A pointer is just variable whose value represents an address in memory. So when we say that int *p is pointer to an integer, that just means p is a variable that holds a number that is the memory address of an int.
If you want a function to allocate a buffer of integers and change the value in the variable p, that function needs to know where in memory p is stored. So you have to give it a pointer to p (i.e., the memory address of p), which itself is a pointer to an integer, so what the function needs is a pointer to a pointer to an integer (i.e., a memory address where the function should store a number, which in turn is the memory address of the integers the function allocated), so
void allocateIntBuffer(int **pp)
{
// by doing "*pp = whatever" you're telling the compiler to store
// "whatever" not in the pp variable but in the memory address that
// the pp variable is holding.
*pp = malloc(...);
}
// call it like
int *p;
allocateIntBuffer(&p);
I think the key to your questions is to understand that there is nothing special about pointer variables.

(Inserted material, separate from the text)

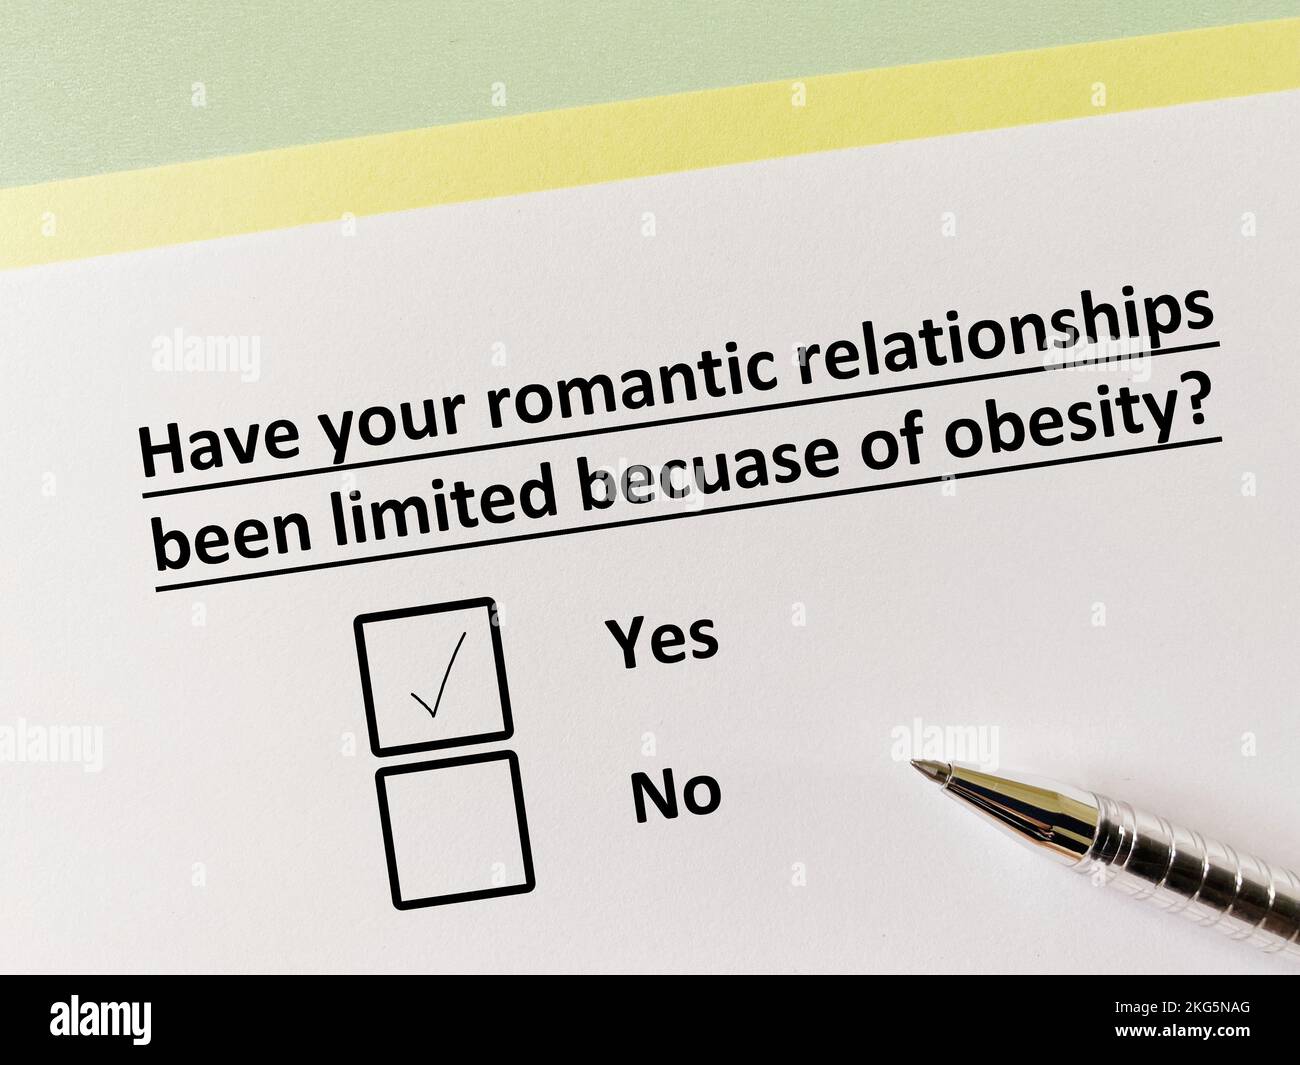 Eine Person beantwortet Fragen zur Ernährung. Seine romantischen Beziehungen sind begrenzt wegen Fettleibigkeit. Stockfoto

A pointer is a variable like any other, only that the value stored in that variable is used to represent a position in memory.
Note that returning a pointer or forcing the caller to move the pointer in an out of a void * temp variable is the only way you can make use of the void * type to allow your function to work with different pointer types. char **, int **, etc. are not convertible to void **. As such, I would advise against what you're trying to do, and instead use the return value for functions that need to update a pointer, unless your function by design only works with a specific type. In particular, simple malloc wrappers that try to change the interface to pass pointer-to-pointer types are inherently broken.